Item analysis followed established psychometric standards. Difficulty was defined as the mean proportion of correct responses (0‐1). Values between 0.30 and 0.70 are generally considered optimal, those greater than 0.70 indicate easy items, and those less than 0.30 indicate difficult items [15,16]. The point-biserial correlation was classified as follows: negative correlation (r<0), very low correlation (0≤r<0.10), low correlation (0.10≤r≤0.20), and acceptable correlation (r≥0.20) [15]. The discrimination index (D) was calculated as the difference in difficulty between the upper and lower 27% performance groups, with values of 0.40 and above considered excellent; 0.30‐0.39, good; 0.20‐0.29, acceptable; and those less than 0.20, poor [15,16]. Statistical analysis was performed using SPSS Statistics version 27 (IBM Corp). Graphs were created with Prism 9 (GraphPad Software). Nominal variables were summarized as counts and percentages. The Shapiro-Wilk test was used to test for normal distribution. Group comparisons of categorical data were performed with the chi-square test or Fisher exact test if expected frequencies were less than 5. Continuous data were reported as mean and SD values and compared using the Mann-Whitney U test. A significance level of P≤.05 was applied.

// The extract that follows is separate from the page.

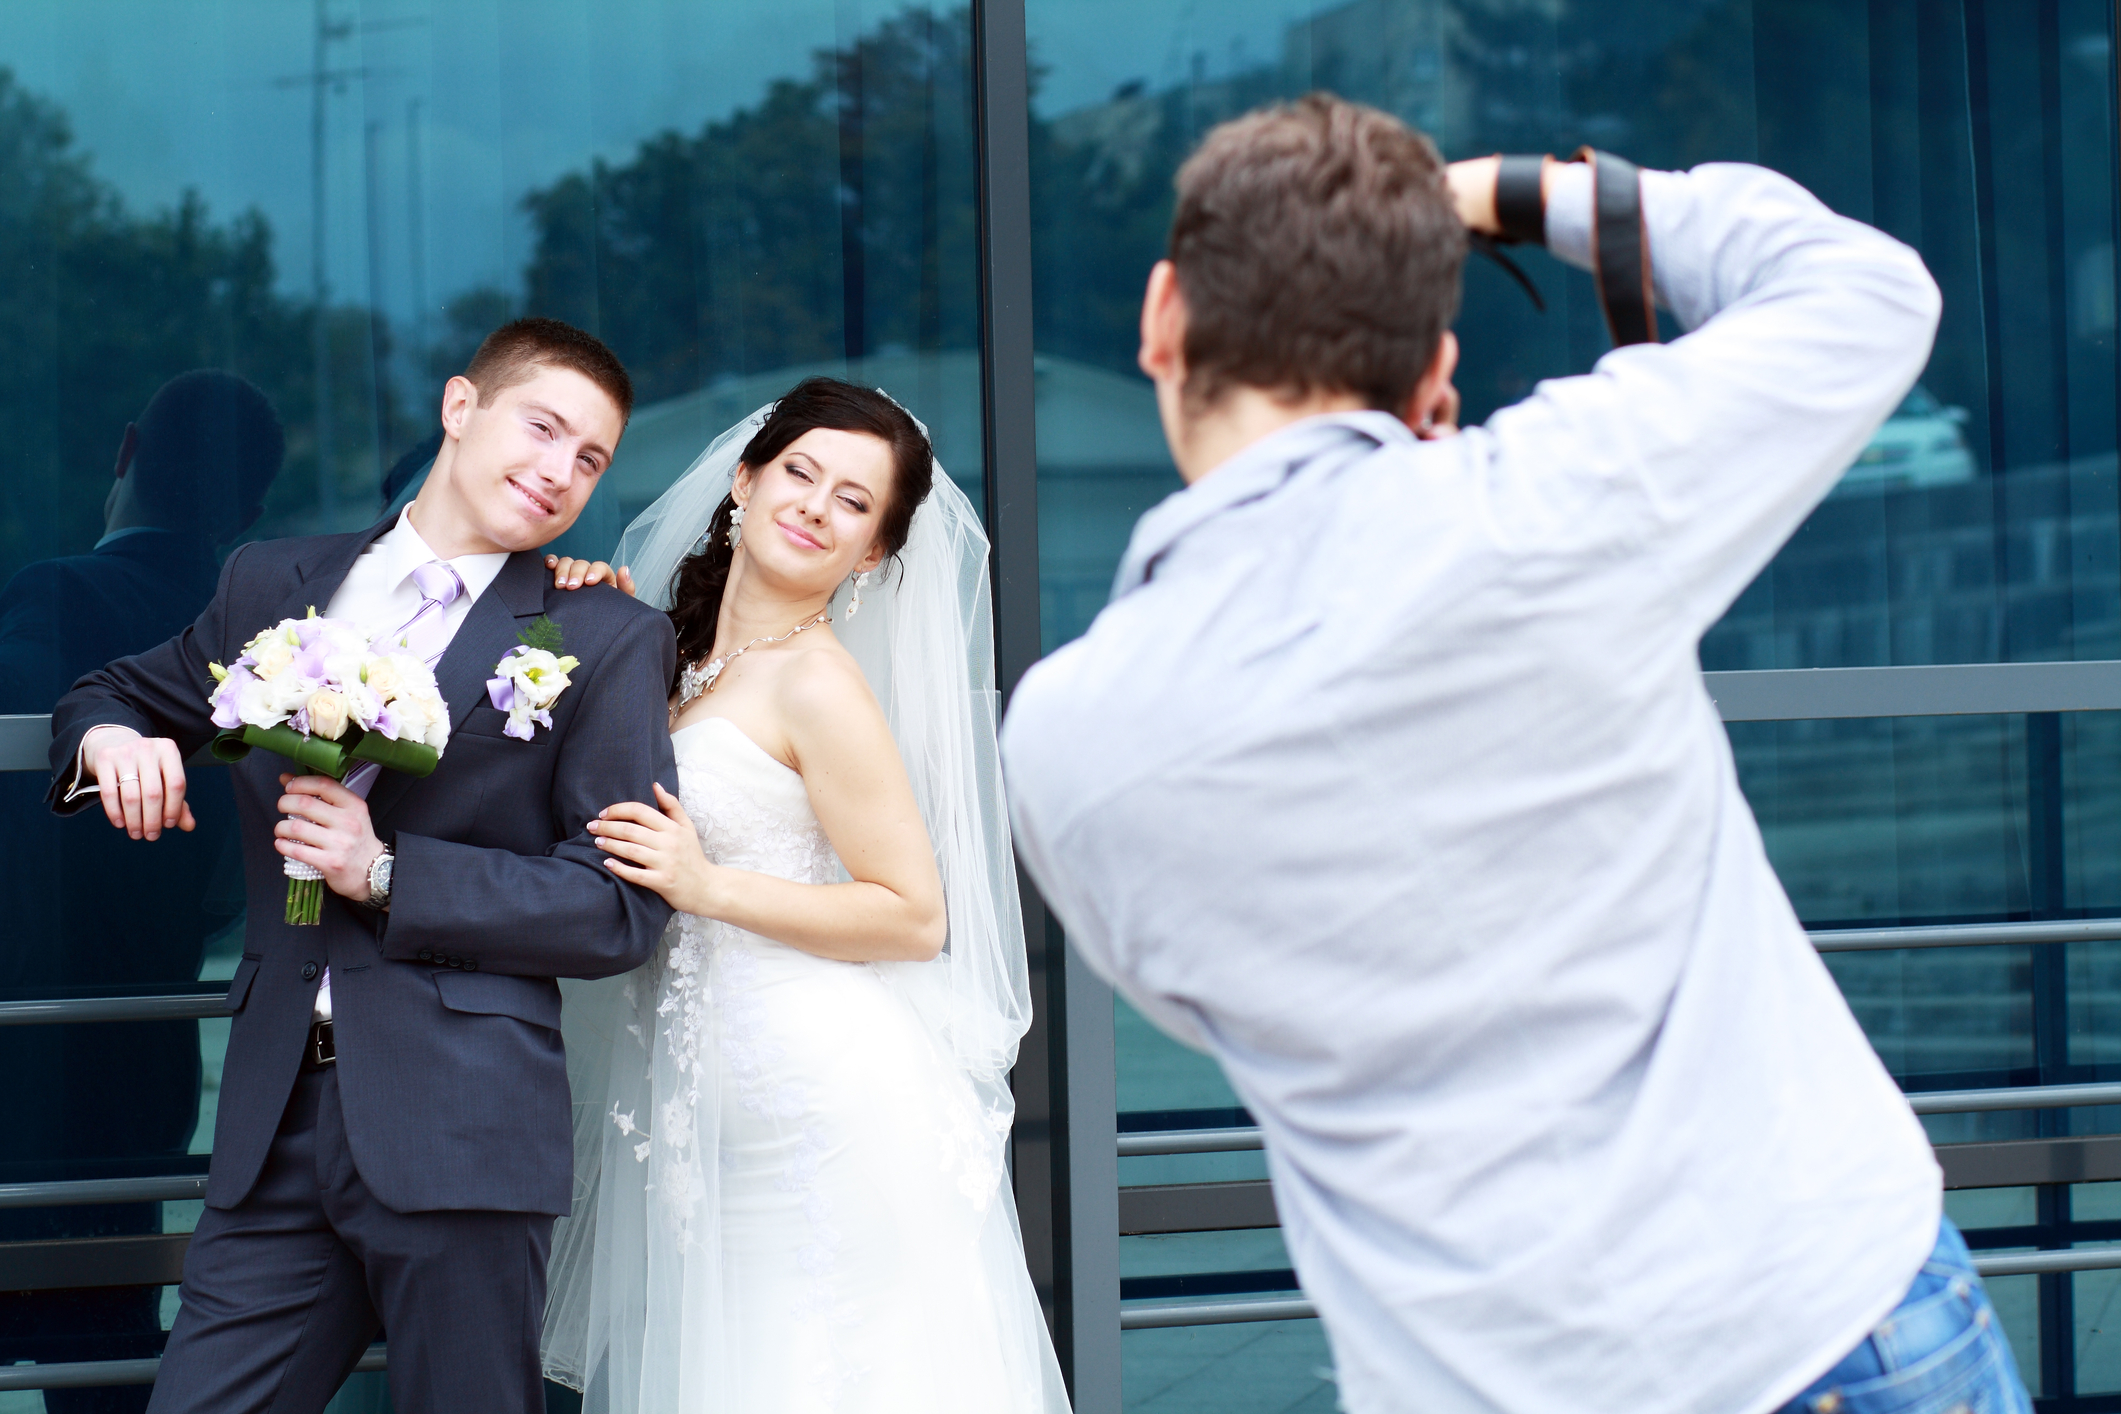 Couple posing for wedding photographs

Figure 1 summarizes the item-generation workflow, including consolidated inputs, supervised instruction-tuning, the custom GPT MCQ generator, and parallel faculty-written items converging into the examination.

Ethical Considerations

The study was submitted to the Ethics Committee of the University of Würzburg, which confirmed (reference number 2024-‐258-ka on November 11, 2024) that no formal review was required and that no ethical objections were raised.

Figure 1.

Item-generation workflow. Consolidated inputs (anesthesiology lecture slides, NKLM 2.0, prior examination items, faculty publications) inform supervised instruction-tuning of a custom GPT configured for single-best-answer MCQs to produce 15 AI-generated questions. In parallel, faculty authored 15 questions. AI: artificial intelligence; MCQ: multiple-choice question.

Results

A total of 30 MCQs were analyzed. One expert-generated item was excluded from analysis due to a strongly negative discrimination index (–0.22) and negative point-biserial correlation (–0.20). Its difficulty (P=.86) indicated a ceiling effect, suggesting that most students answered it correctly despite unclear key wording.

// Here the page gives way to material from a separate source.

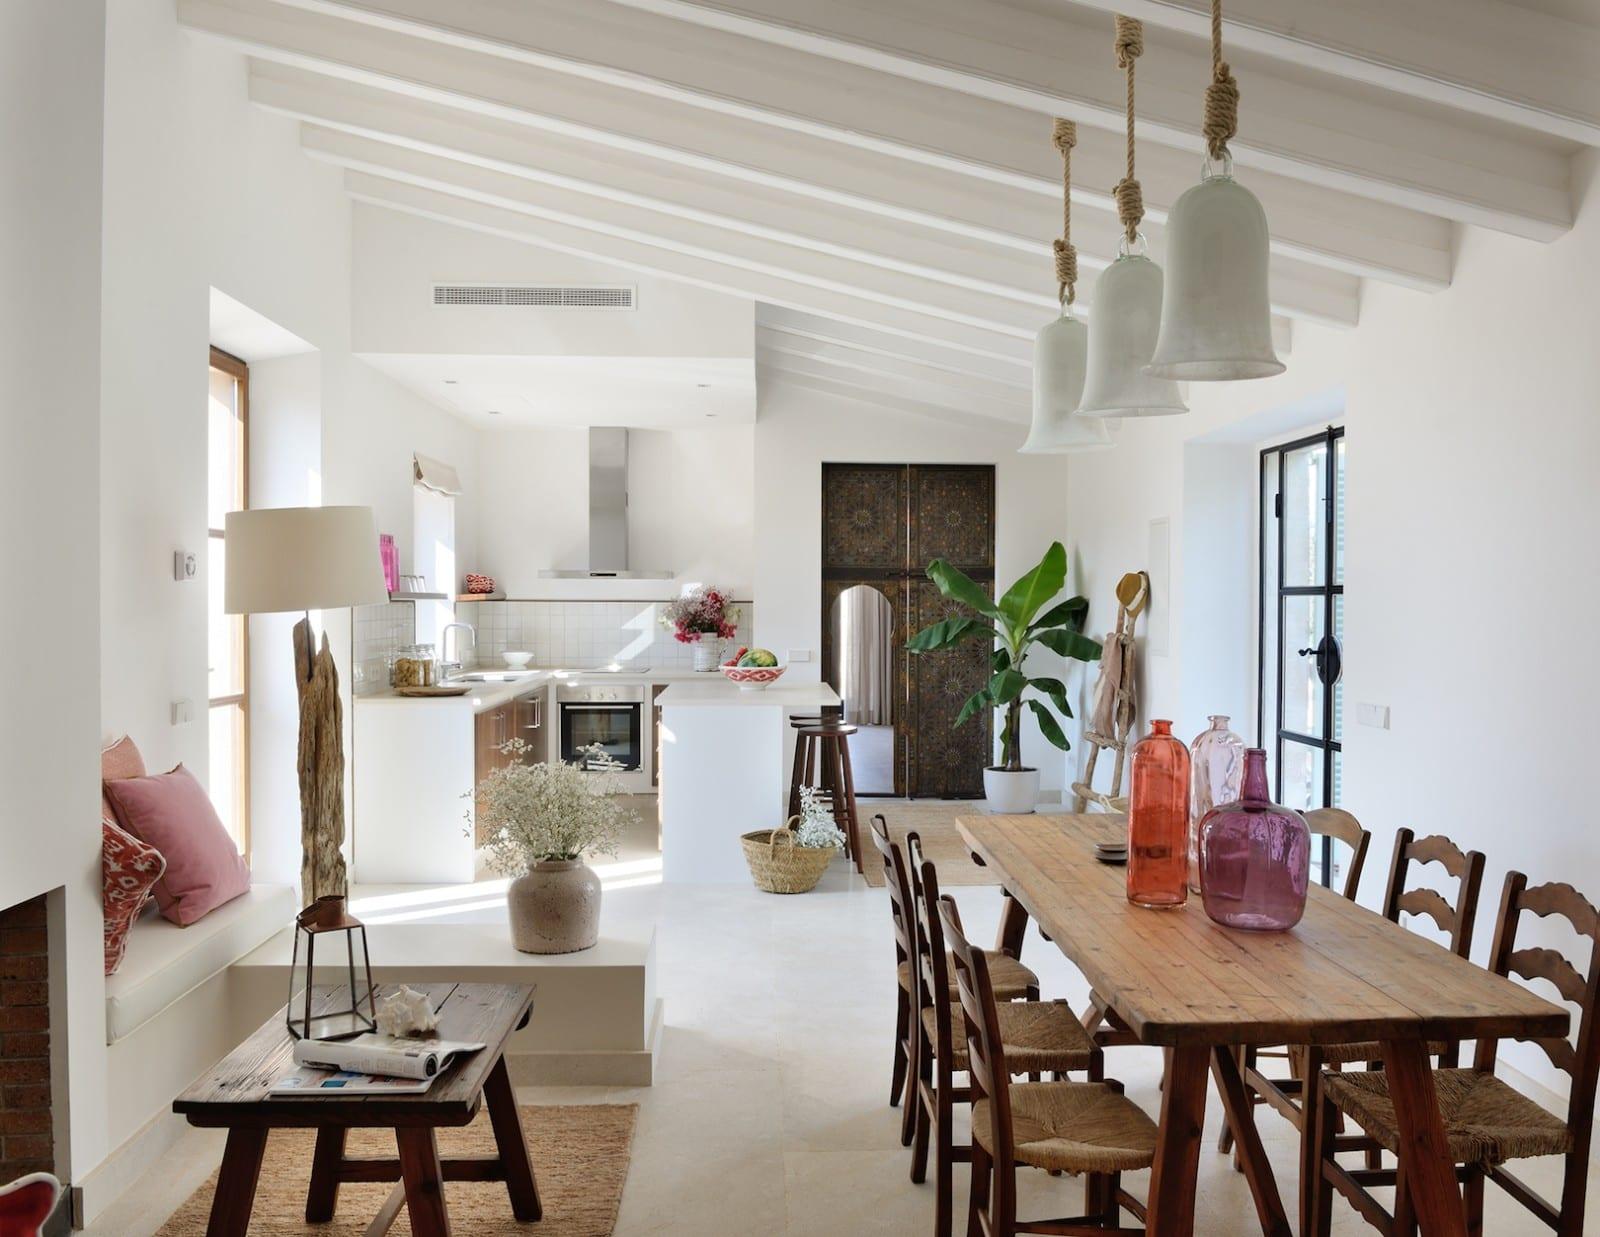 Holistic Retreat Cal Reiet Casita Terra living room and kitchen

The final dataset therefore included 14 expert-generated and 15 AI-generated items. Table 1 displays the descriptive metrics for expert- and AI-generated items. Expert-generated items showed a mean difficulty of 0.81 (SD 0.19), a mean point-biserial correlation of 0.16 (SD 0.07), and a mean discrimination index of 0.09 (SD 0.08). AI-generated items had a mean difficulty of 0.79 (SD 0.18), a mean point-biserial correlation of 0.17 (SD 0.04), and a mean discrimination index of 0.08 (SD 0.11). Mann-Whitney U tests indicated no significant differences between expert- and AI-generated items with respect to difficulty (P=.38), point-biserial correlation (P=.96), or discrimination index (P=.59; Figure 2).

Table 1.

Overview of question metrics by expert and artificial intelligence (AI).

Question created by	Questions, n	Metrics
		Minimum	Maximum	Difficulty, mean (SD)
Expert
Difficulty	14	0.48	0.99	0.81 (0.19)
Point-biserial correlation	14	−0.02	0.20	0.16 (0.07)
Discrimination index	14	0.01	0.24	0.09 (0.08)
AI
Difficulty	15	0.44	0.98	0.79 (0.18)
Point-biserial correlation	15	0.08	0.25	0.17 (0.04)
Discrimination index	15	−0.07	0.33	0.08 (0.11)

Figure 2.

Psychometric characteristics of AI- and expert-generated multiple-choice items. (A) Item difficulty, (B) point-biserial correlation, and (C) discrimination index is displayed for each question. AI: artificial intelligence.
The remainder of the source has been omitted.